J.B. Pritzker to take oath as 43rd Illinois governor

Inauguration set for Monday morning in Springfield, followed by celebration at State Fairgrounds Exposition Building

J.B. and M.K. Pritzker greet a couple of Springfield residents, U.S. Sen. Dick Durbin and his wife, Loretta, at an open house held Sunday in the Old State Capitol. (One Illinois/Ted Cox)

J.B. and M.K. Pritzker greet a couple of Springfield residents, U.S. Sen. Dick Durbin and his wife, Loretta, at an open house held Sunday in the Old State Capitol. (One Illinois/Ted Cox)

By Ted Cox

SPRINGFIELD — J.B. Pritzker takes the oath of office as the 43rd governor of Illinois Monday morning in Springfield.

Pritzker succeeds Gov. Bruce Rauner after beating the Republican handily in the November election.

The new governor will have Democratic supermajorities in both houses of the General Assembly, but has also set himself an ambitious agenda led by the adoption of a progressive income tax, legalization of marijuana, and passing the first major capital infrastructure bill in a decade.

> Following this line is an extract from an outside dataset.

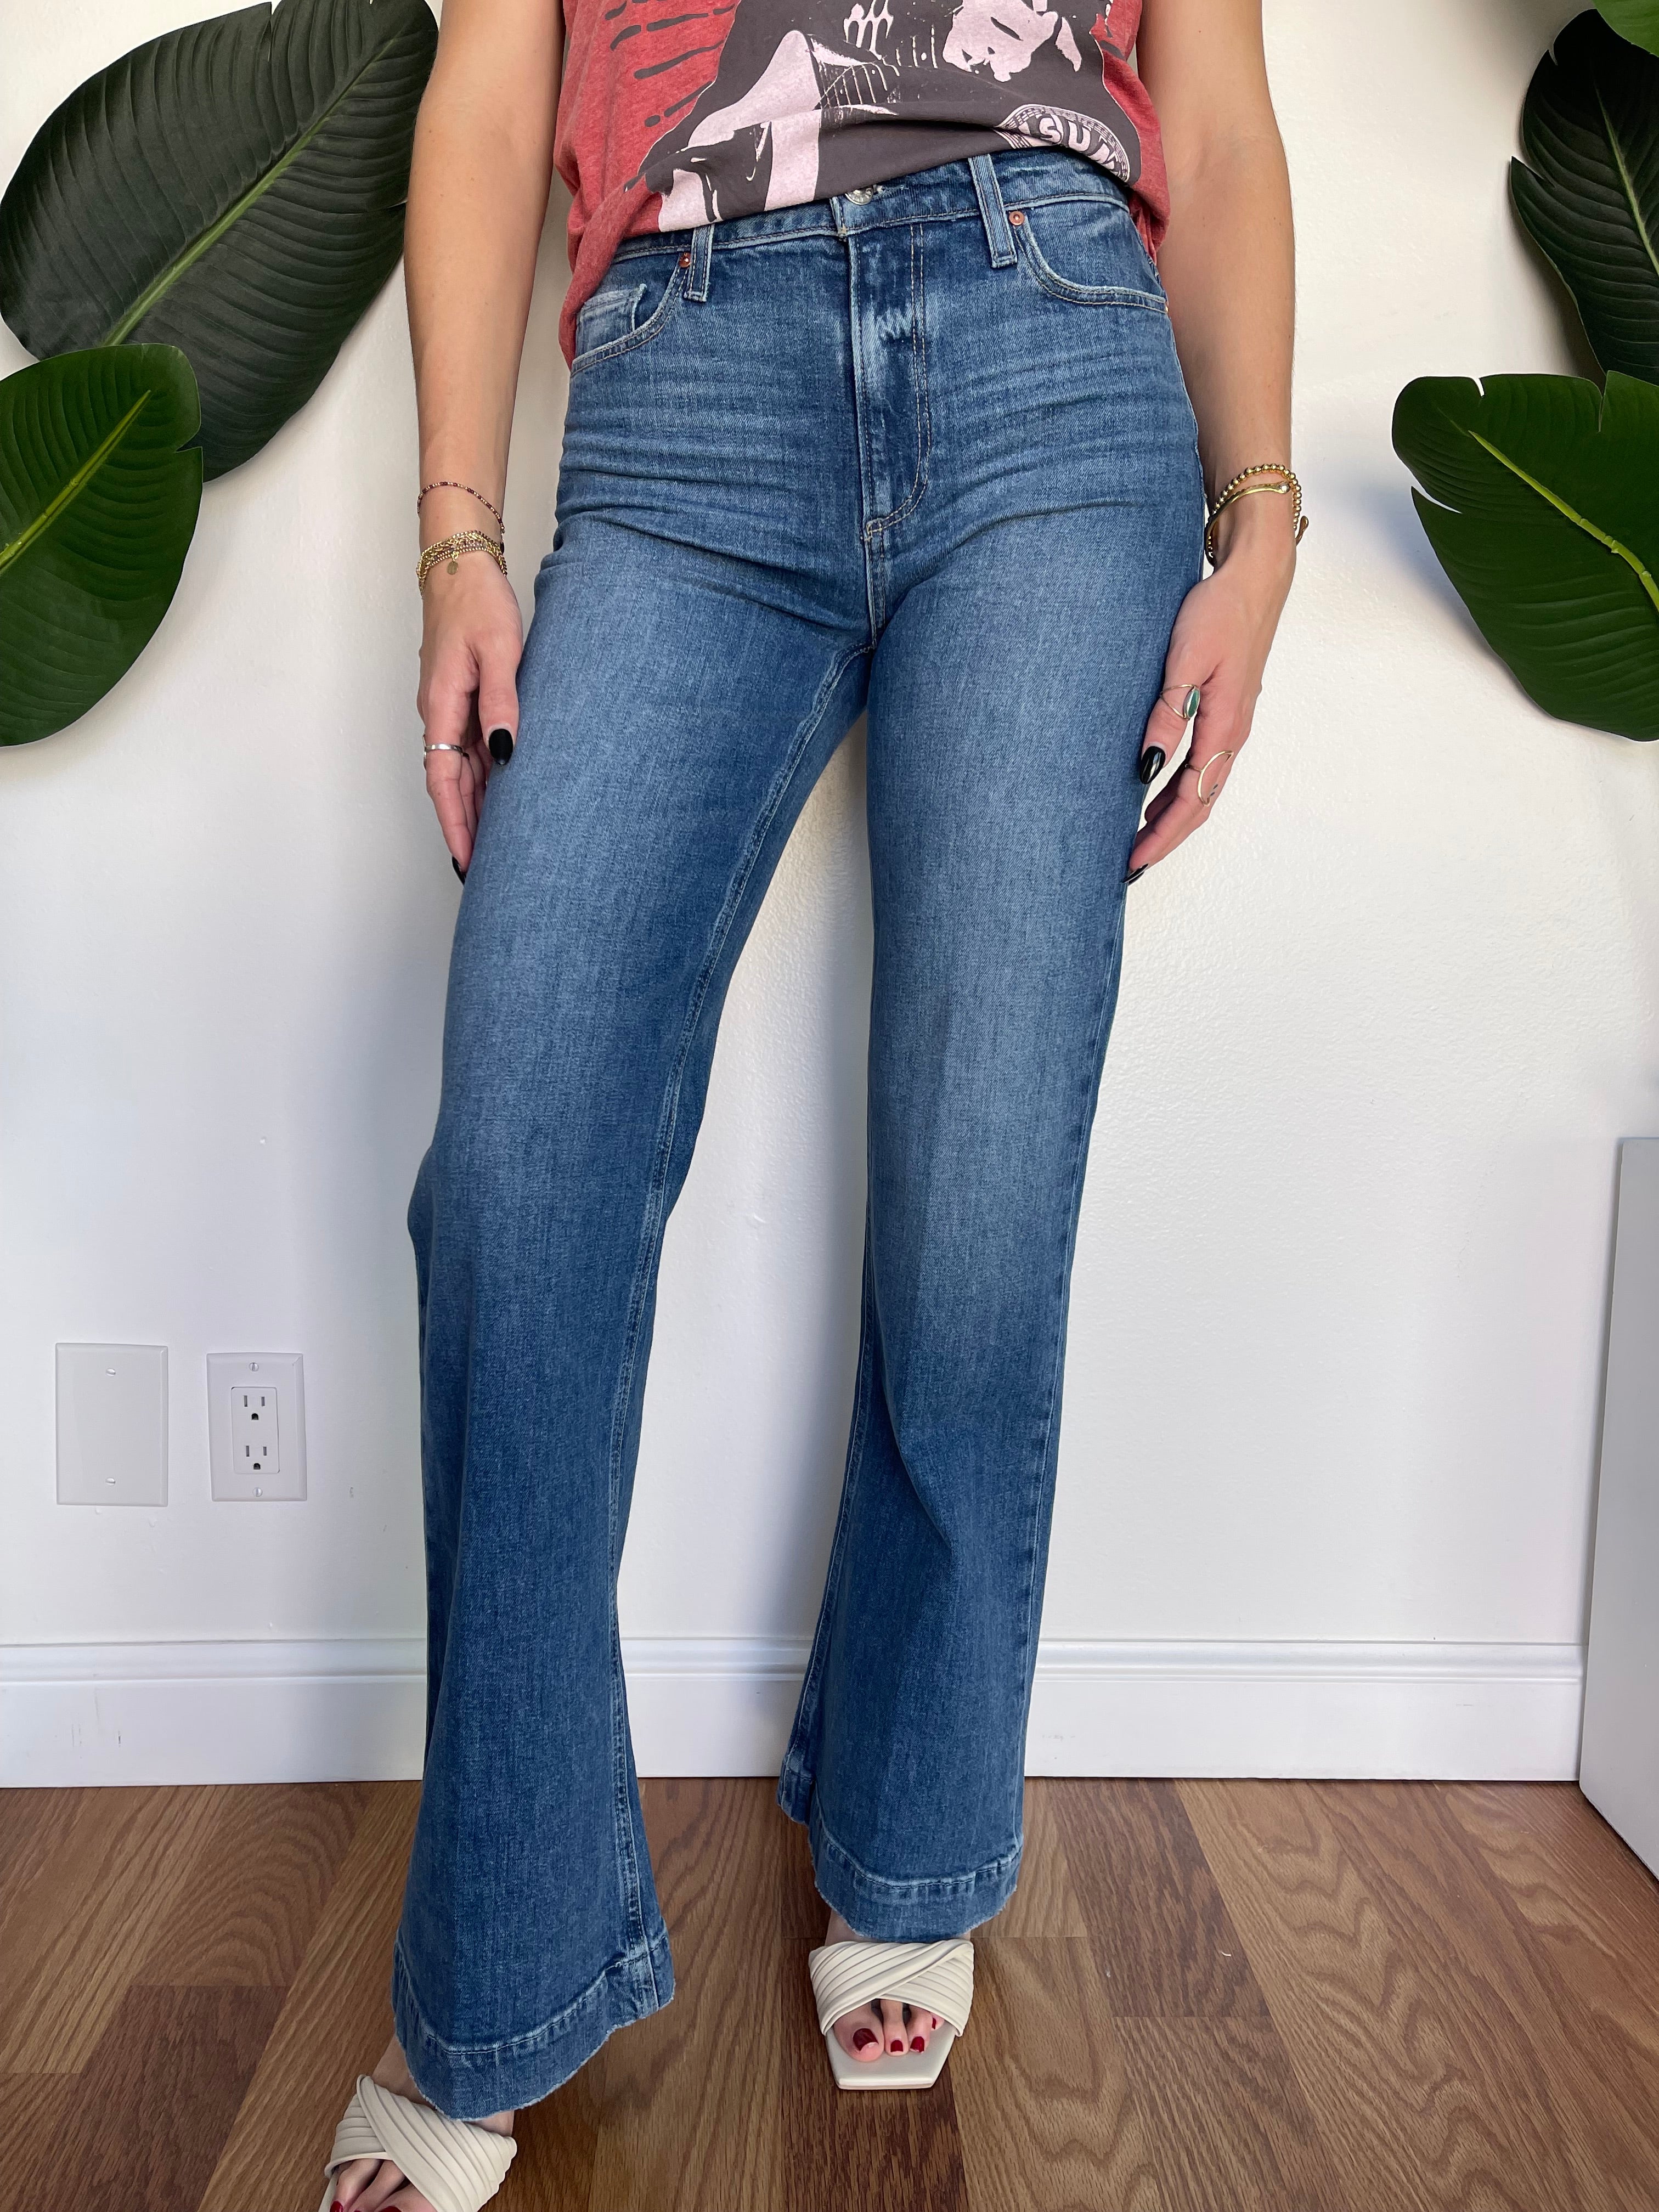 H)#Paige Women's denim jeans size 27 white color... - Depop
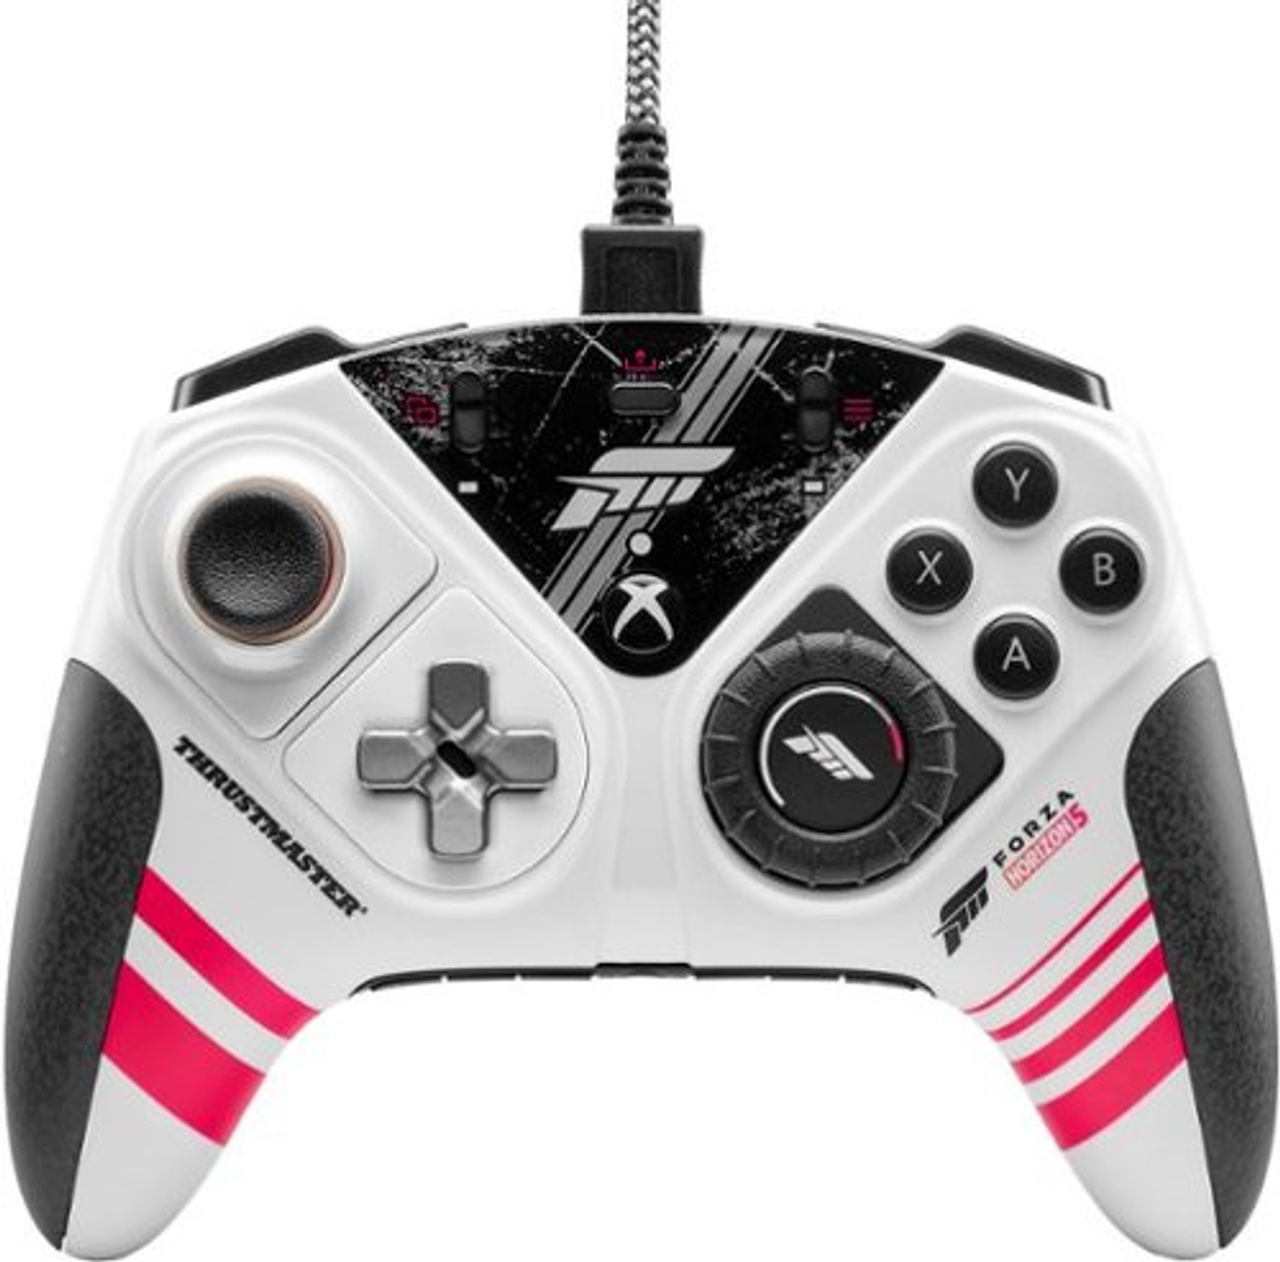 Thrustmaster - eSwap X R Pro Controller Forza Horizon 5 Edition

In marked contrast with Rauner, however, Pritzker took pains to reach out to Republican legislators last week when the 101st General Assembly was seated.

“He’s really going to do his level best to find bipartisan solutions,” said U.S. Sen. Dick Durbin on Sunday, when the Springfield resident was one of the visitors to an open house held by Pritzker and his wife, M.K., in the Old State Capitol.

Durbin said Pritzker also set himself apart from other politicians by accepting the state as a unified whole, not a collection of regional and political factions that have to be played against each other.

“I’m there to help if I can give him advice, I’m happy to do it,” Durbin said in remarks to the media before meeting the governor-elect Sunday. “But I noticed during the campaign, I didn’t have to give him advice about taking the entire state seriously.

“I’ve seen so many good candidates from Chicago never figure out downstate at all,” Durbin added. “And from the beginning J.B. Pritzker and Juliana Stratton, they were down here so frequently that they built up a following, a loyalty.

“He understands we have to stand together as a state.”

Pritzker actually emphasized that point in his final debate against Rauner last fall.

He’ll need to attract downstate conservative support on both sides of the aisle to legalize marijuana, although he’s estimated the gains to be had at $700 million a year. He’ll also need to win over skeptics — both politically and in the electorate — to change the state constitution to allow a progressive income tax, although that’s sure to be accompanied by promises of property-tax reforms. The state badly needs a boost in infrastructure, but the main question there will be how to finance the basic revenue to float the necessary bonds.

Monday’s inauguration ceremony is slated to kick off at 10:30 at the Bank of Springfield Center. Pritzker will take the oath of office as governor, and his running mate Stratton as lieutenant governor. A celebration follows later in the day at 7 at the Exposition Building at the State Fairgrounds.